I have been keeping track of these weekly shopping lists, and accompanying meal plans, so will share an example here, in the hope that they might prove useful to someone else, struggling with the dreaded question: what’s for dinner?
Shopping list for one week
Tinned tomatoes
Almond milk
Oats
Herbal teabags
Stock cubes
Coffee
Chickpeas
Black beans
Cannellini beans
Buckwheat groats
Rye bread
Lentils
Sweet potatoes
Fennel
Courgettes
Carrots
Lemons
Apples
Bananas
Beetroot
Cavolo nero
Butter
Olives
Mozzarella
Brown pasta
Veggie burgers
Artichokes
Eggs
Yoghurt
Feta
Frozen peas
Coconut milk
Dark chocolate
Here is what I made with it all (each recipe is designed to feed 2 people, or 1 person with leftovers to have the following day, or freeze):
Meal plan
Breakfast:
Oats with fruit and yoghurt or almond milk
Homemade biscuits
Rye bread toast with honey or jam
Coffee
Lunch:
Carrot and sweet potato soup
Hummus and crudités
Pasta alla puttanesca
Buckwheat tabbouleh
Rye bread with feta and artichokes
Pasta e ceci
Homemade courgette pie
Feta, carrot and black bean tacos (homemade)
Dinner:
Fennel and lemon risotto
Buckwheat risotto with beetroot
Ribollita soup
Sweet potato, chickpea and coconut curry with rice
Turkish lentil soup
Lentil ‘ragù’ with pasta
Frittata with courgette, peas and feta
Dhal
Veggie burgers with homemade sweet potato chips
Apart from a couple of treats like the dark chocolate, most of the above ingredients are pretty inexpensive. It might take a bit of creativity and time to come up with meals that aren’t too predictable or boring (I don’t enjoy eating the same thing two days in a row, which is a problem!), but it’s a good way to pass the time - and the perfect opportunity to try out new recipes and cuisines, which I might not have had the time or inclination to, before.

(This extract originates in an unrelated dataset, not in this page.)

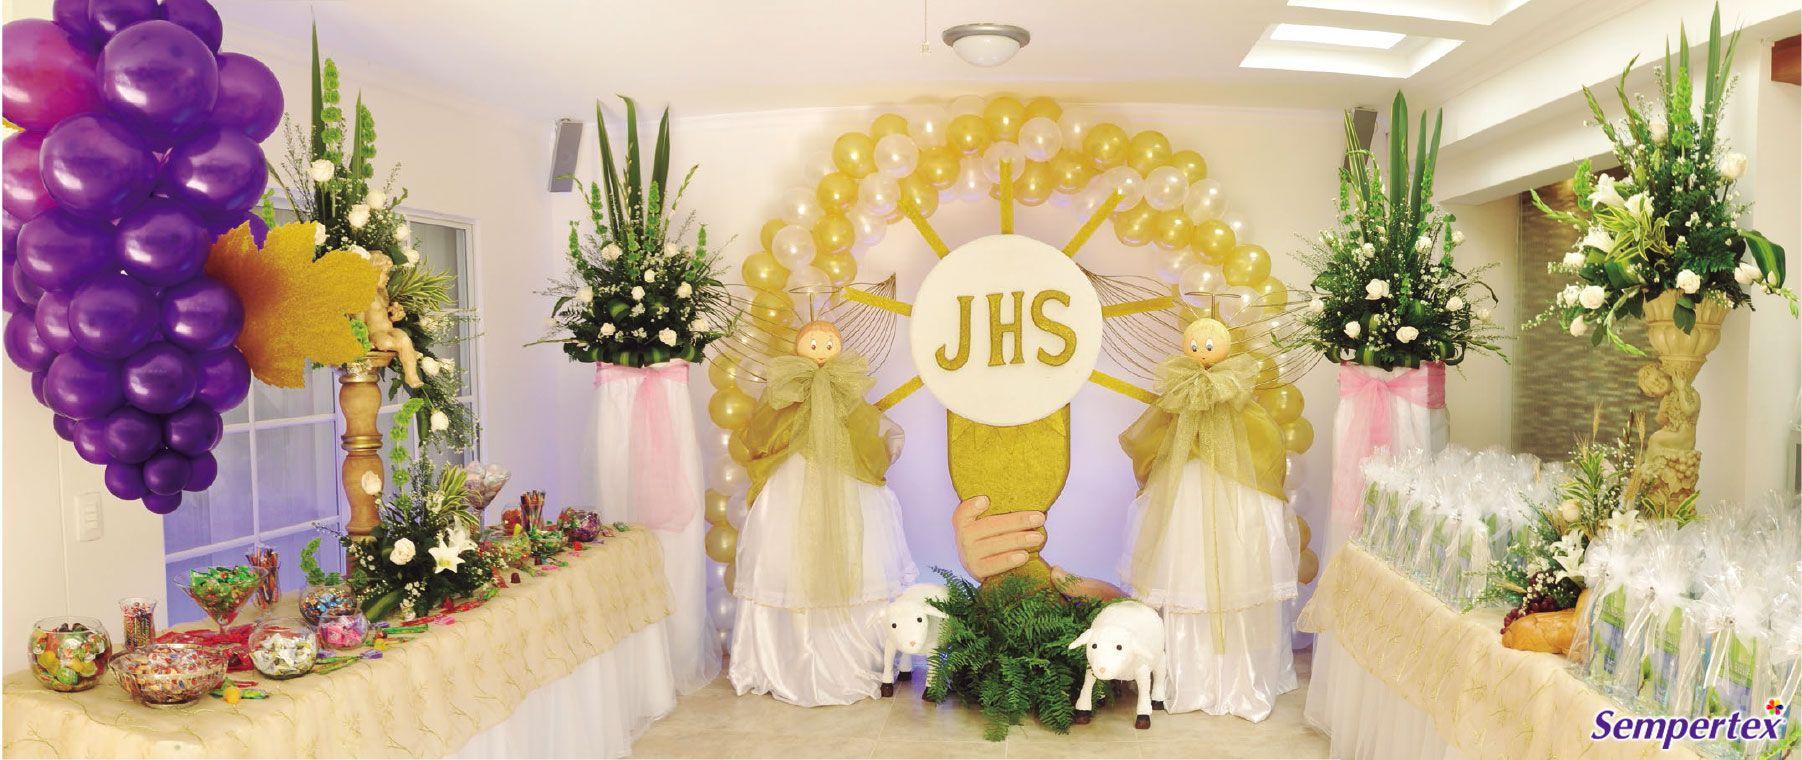 Esta decoradora tuvo la idea de plasmar los ngeles en - Decoracion los angeles ...

There are, literally, millions of ideas out there - particularly on Instagram - often using thrifty, store cupboard ingredients that we all have lurking at the back of the shelf somewhere, or that can get the family involved and keep kids entertained for an afternoon. If you’re looking for inspiration, I highly recommend: 5oclockapron, ellypear, cocoinmykitchen, georgiepuddingnpie, Olia Hercules, rocketandsquash, Riverford, Anna Jones and the bigwigs like Nigel Slater, Nigella, Ottolenghi and nytcooking.
For me, it’s therapeutic, and I think of it as a rehearsal for the positively Bacchanalian dinner party that I’m going to throw, when gatherings are permitted once again. Until then, I’ll just keep cooking my blues away.
I love reading recipes, collecting them in several places - cookbooks, cuttings, files, photos, online... I must have literally thousands now and have probably cooked fewer than a hundred, but I imagine that I'm going to do them... one day. And I thought I'd greatly expand my repertoire during lockdown, but coming up to four weeks into it I just.... haven't found the time, with too many other distractions.
I never realised you were such a foodie Emma... to me you're just a slip of a girl.